Rajeev Ronanki – Anthem Inc.
Do you know how many ways there are to treat someone with diabetes?
However, Sydney Health does not wear a stethoscope, tell a patient to say “ahh” or screen blood sugar levels—it’s an app that reminds people of health care appointments or treatments. It also recommends lifestyle or care options for the conditions they face. If its diabetes you’re facing, it can give 387 treatment options.
Launched in October 2019 and now in version Sydney Health 3.0, the app is part of the wave of the future for the health insurer, Ronanki adds.
“Sydney Health is just one example of the things we’re doing. It’s the front door for all things health,” he says. “Anthem is transforming to be a digital platform for health. We need to be more predictive instead of reactive.”
A deep data pool
Headquartered in Indianapolis, Anthem is an independent licensee of the Blue Cross and Blue Shield Association, operating in 14 states. It’s also a provider of specialty plans, including Anthem Workers’ Compensation and Unicare. With 42 million plan members, Ronanki says the amount of available information for machine learning and artificial intelligence doubles every 70 to 80 days.
“You’re dealing with a staggering scale here,” Ronanki says. “But there’s the benefit of predicting what can happen in the state of someone’s health. It can help determine what proper interventions are needed, with a privacy-first approach.”

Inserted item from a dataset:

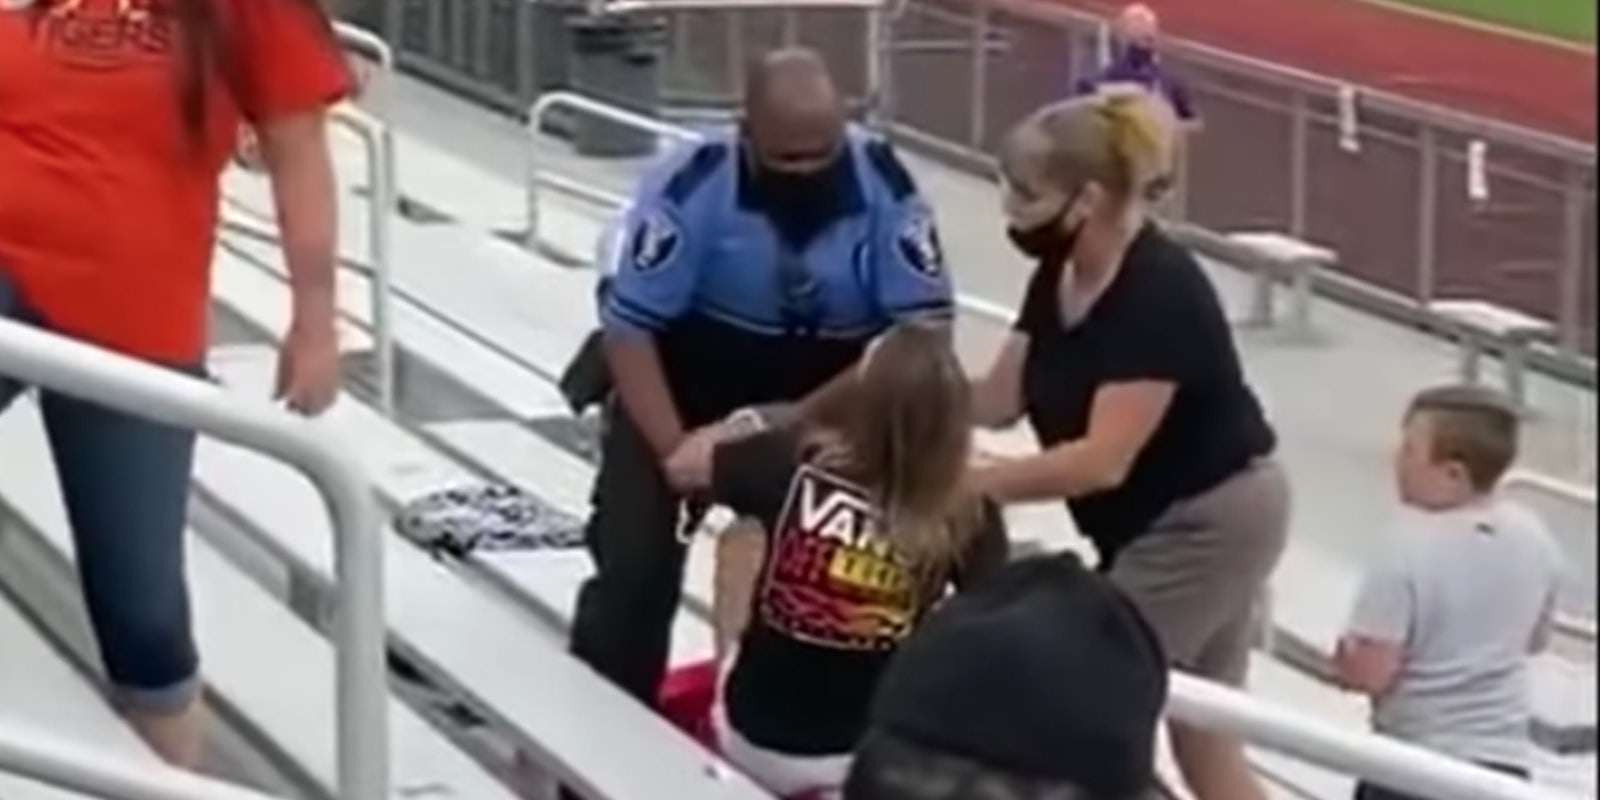 A police officer arresting a woman for not wearing a mask

He joined the company in June 2018 as Sydney Health was being developed for members of Anthem’s affiliated health plans and their caregivers, providing information on available health care providers, co-pays and medical records.
Sydney Health can schedule appointments, recommend in-person versus virtual care, and as in the case of treating diabetes, offer recommendations—and possibly avoid the expense of emergency room visits or the need for surgeries.
AI and automation
The immensity of data Anthem continues to gather is also leading Ronanki and his teams to help employees and health care providers work more efficiently.
For instance, providers can now use Anthem’s Health Operating System for patient care. Health OS is designed to be a secure, comprehensive digital platform to drive digital health convergence and cohesion, Ronanki says.
For instance, Health OS allows providers to process prior authorization requests faster, access a patient’s claims and clinical history in real time, see patterns, and gain insights to improve care. For instance, Health OS lets providers see what medications patients are taking and whether they have allergies. It also reduces redundant paperwork and ensures a provider knows all the relevant changes since a consumer’s last appointment, Ronanki says.
Anthem also employs AI and machine learning for the customer service and administration portions of the business. That’s an ambitious effort, too, with the aim of automating 50 percent of administrative work—underwriting and authorizing care, processing claims, making referrals—while scaling solutions that would make 90 percent of interactions digital, he says.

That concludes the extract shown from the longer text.